The article mentions that it happens both over HTTP and HTTPS.

I'd ask OP to check if this is only affects a subset of their IPs from https://bunnycdn.com/api/system/edgeserverlist, or whether all of their IPs are affected using `curl --resolve bunnycdn-hosted-website.com:80:some-other-ip http://bunnycdn-hosted-website.com`.

Besides that, the author points out that the final handshake ACK never reaches the server and that packet is small, not going to go over the mtu.
Indeed, it's right there in the packet capture screenshot. The ack has payload length 0.

I've debugged a lot of TCP/IP issues over the years but this one has me scratching my head. The author has done reasonable troubleshooting: tried from different devices and operating systems, HTTP and HTTPS, over wired and WiFi, and to different destinations.

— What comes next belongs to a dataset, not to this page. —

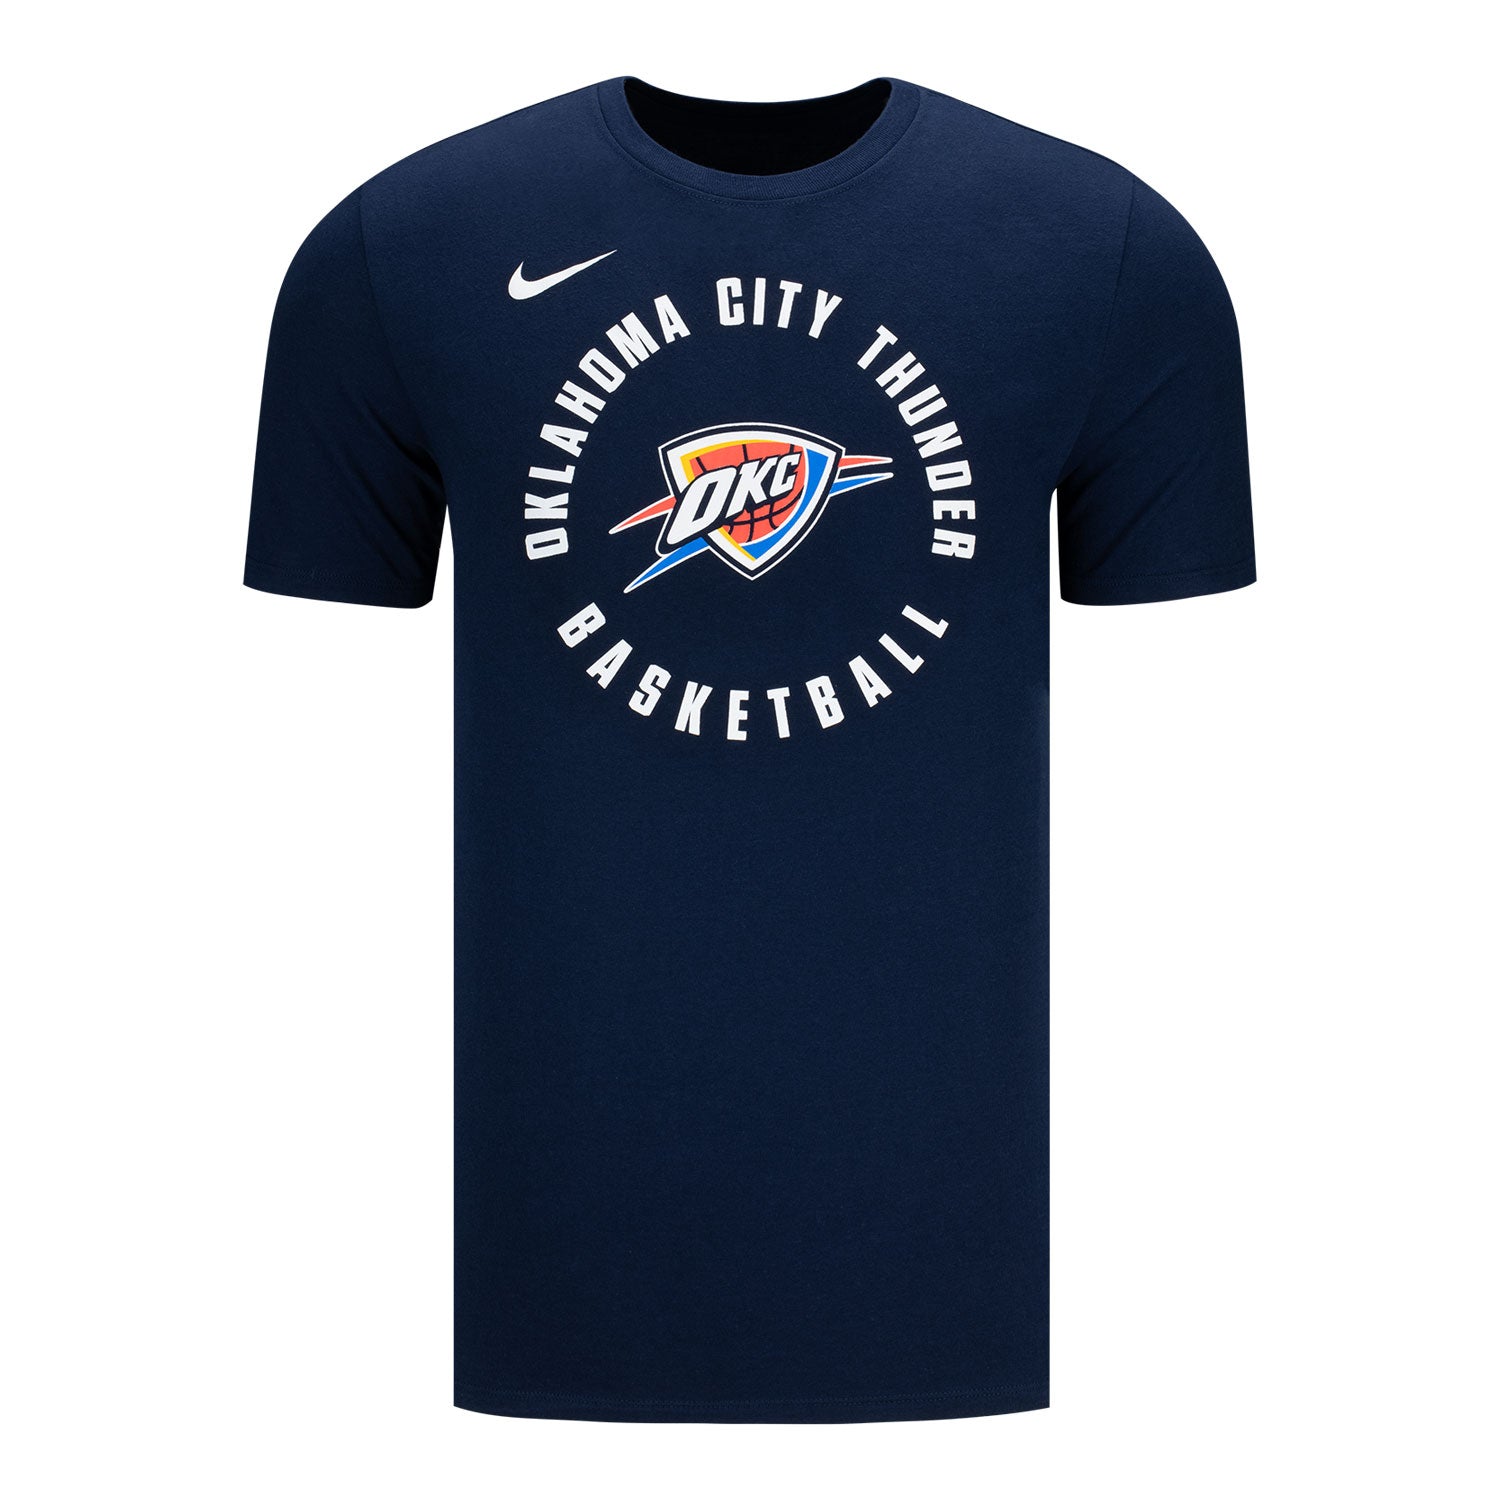 New Era Oklahoma City Thunder NBA Grey T-Shirt
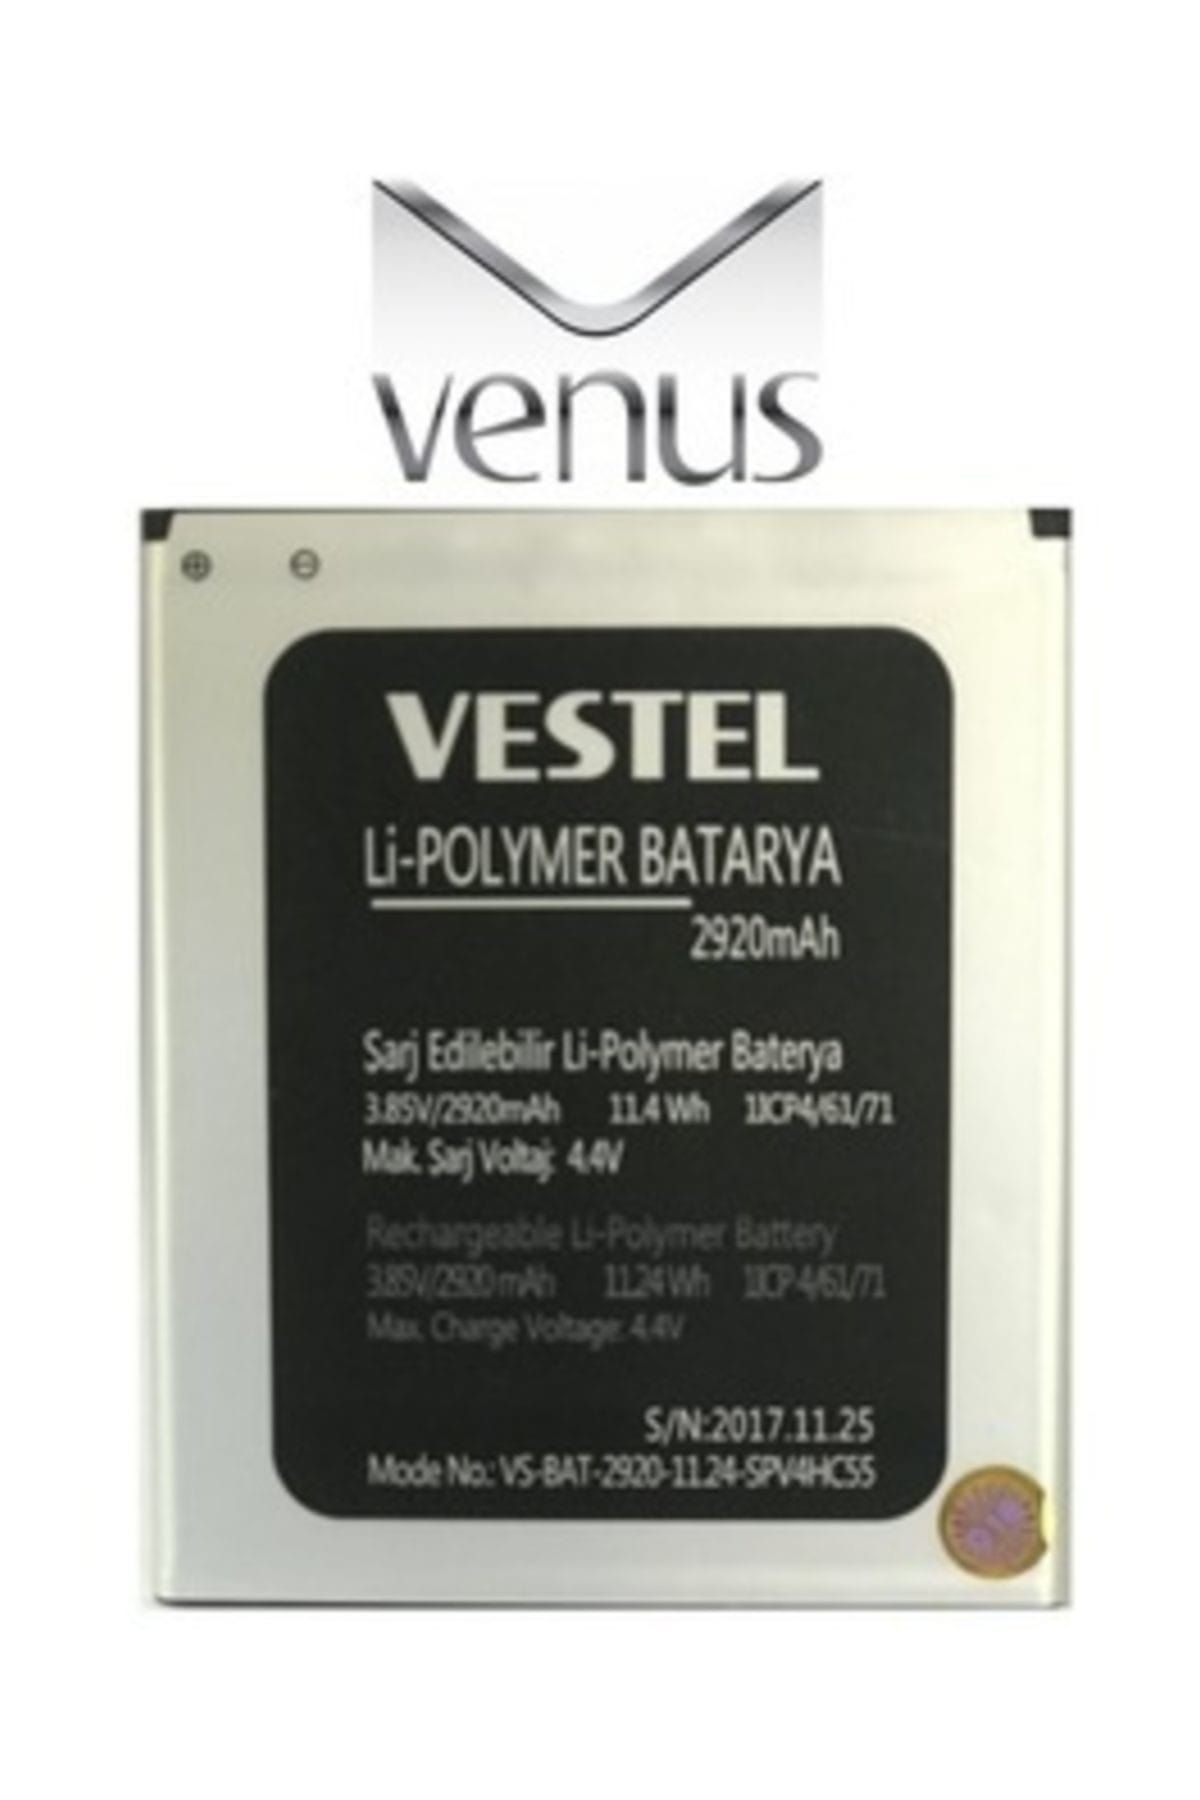 VESTEL Venüs V3 5530 Vs-bat-2920-11.24 Batarya Pil

The common denominator is the wired network.

It can't hurt to reduce the MTU, but I see nothing in the evidence presented that this is likely to be the cause.

I once had a destination firewall blocking packets from Linux but not OS X and it turned out to be that Linux was an early adopter of ECN and the destination firewall rejected any packets with the ECN bits set. I've also had frame relay networks with MTU limitations, NICs with corrupted checksums, overflowing NAT tables, asymmetric ARP tables, misconfigured netmasks, and stuff I'm sure I've forgotten.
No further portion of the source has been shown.